При этом Франк едва сдержал улыбку: он тоже почитывает эти детективы, особенно ему понравилось «Трехгрошовое убийство» с подробным описанием берлинского дна. «Не понимаю, как эту книгу еще не запретила цензура!» – ляпает Штюльпнагель и, спохватившись, смеется одновременно с Юнгером.

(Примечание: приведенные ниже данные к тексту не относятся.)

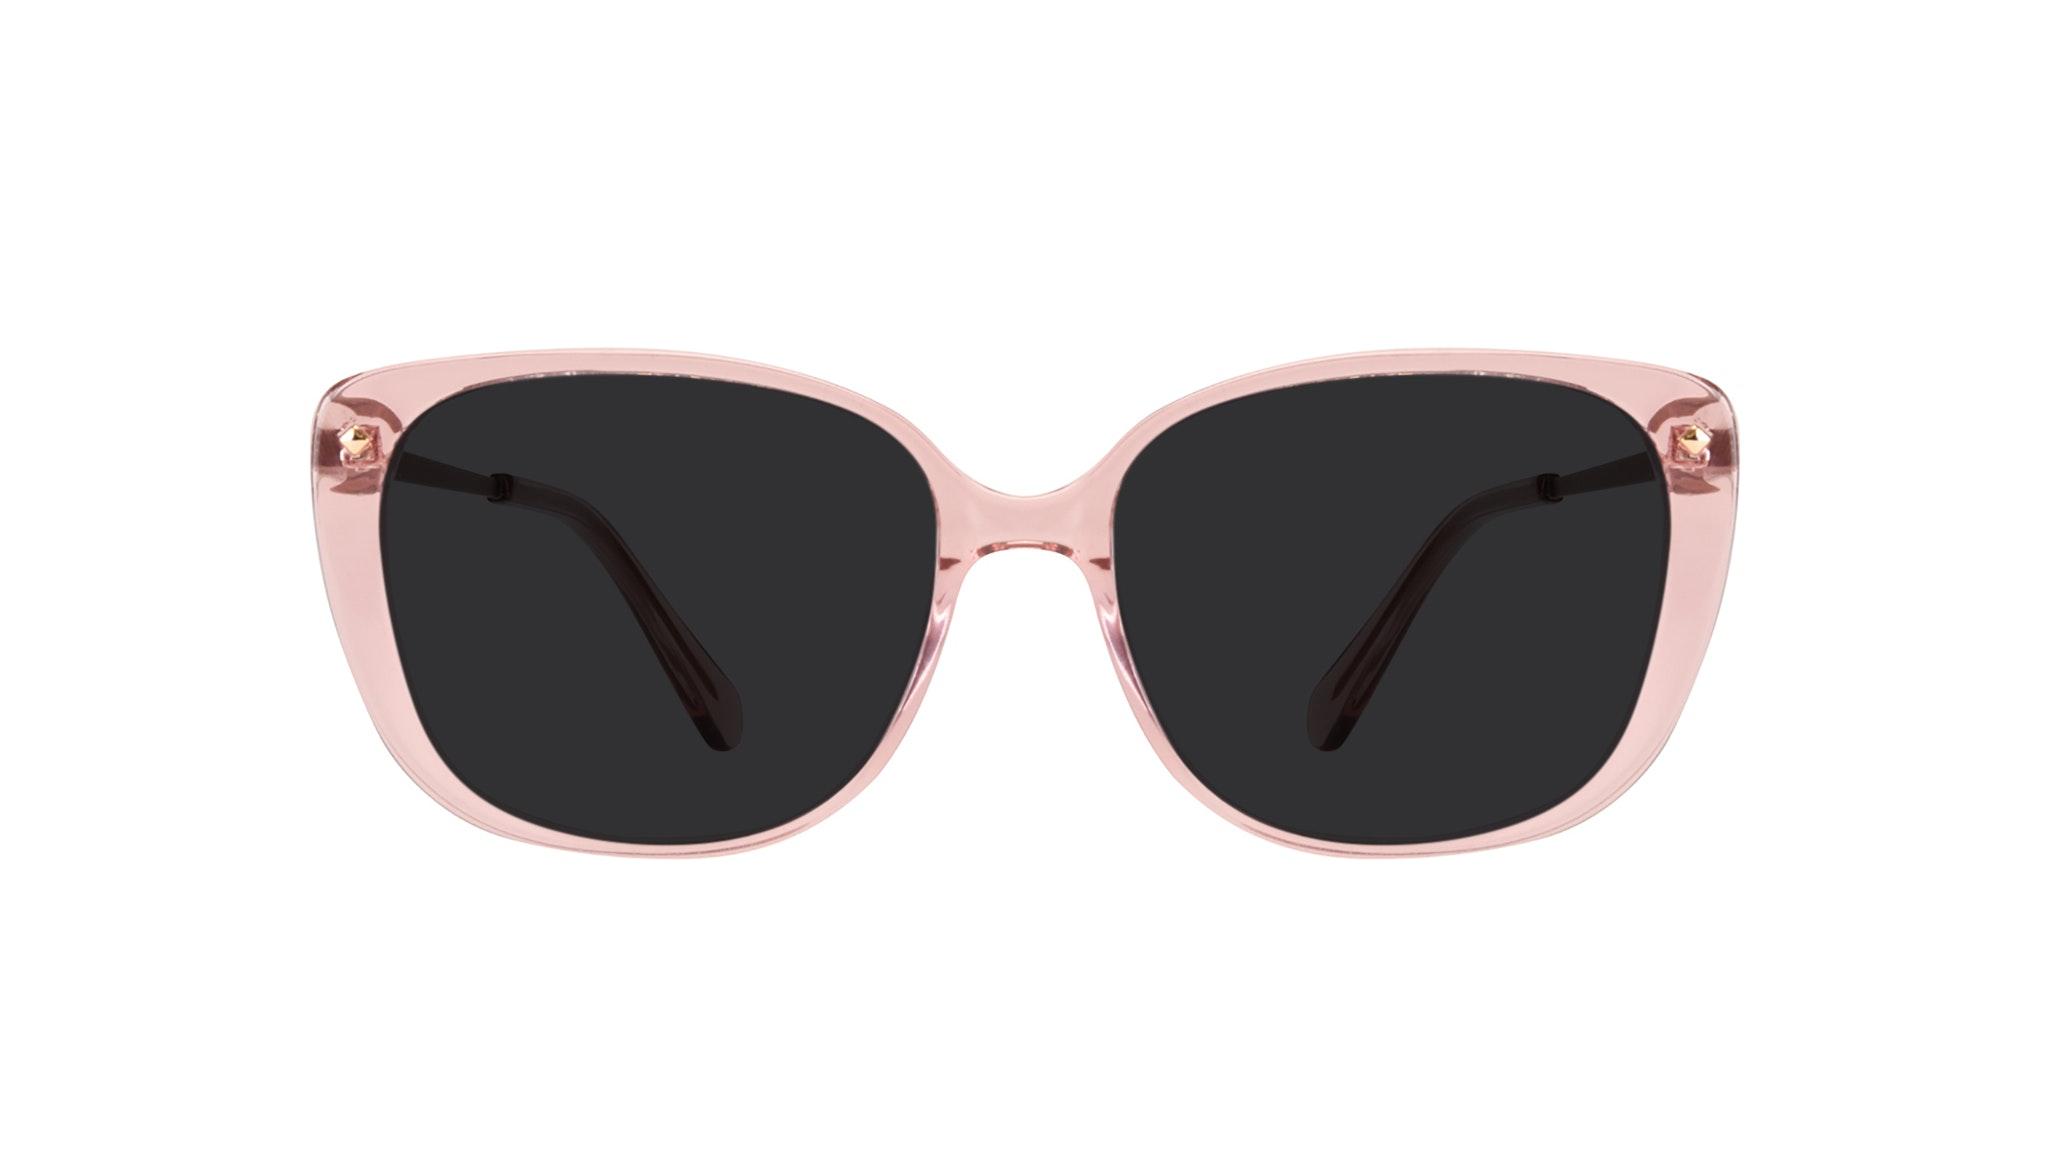 Affordable Fashion Glasses Square Sunglasses Women Japonisme rose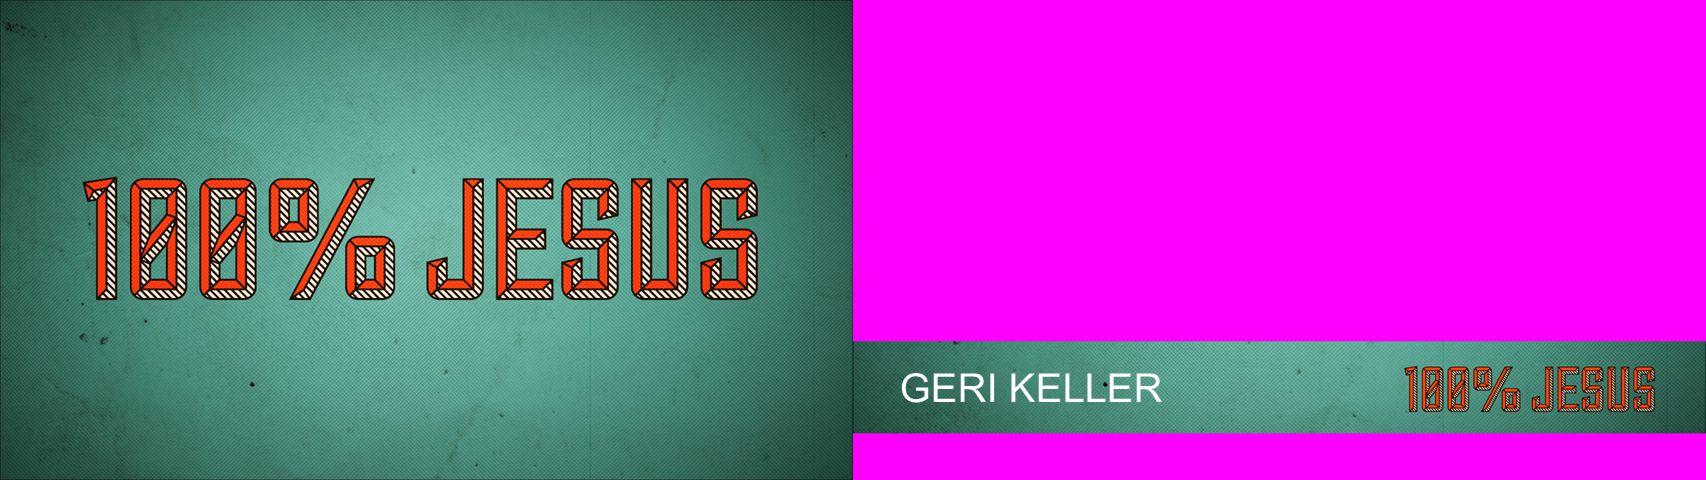 GERI KELLER Serienlogo

Культурная жизнь возвращается в прежнее русло. Театры ломятся от зрителей, Саша Гитри играет с цензурой в кошки-мышки, певец Лео Маржан, исполняя песню «Сегодня я грущу одна», посвящает ее женам французских военнопленных. Даже мода вернула себе положенное место. Воодушевленный второй рюмкой грушевой, Шпайдель едва удерживает ребяческое ликование, предвкушая вечер, на который его пригласила мамаша Ритц. Состоится презентация осенней коллекции модельера Люсьена Лелонга, в сотрудничестве с двумя молодыми кутюрье, Кристианом Диором и Пьером Бальменом. Франк забавляется, слыша, как тот старательно выговаривает новые французские имена, хочет запомнить. «Это все для моей жены», – оправдывается полковник Шпайдель. Сам он больше интересуется ужином после модного дефиле. Предположительно, там будет Арлетти. Шпайдель обожает актрис и вообще знаменитостей.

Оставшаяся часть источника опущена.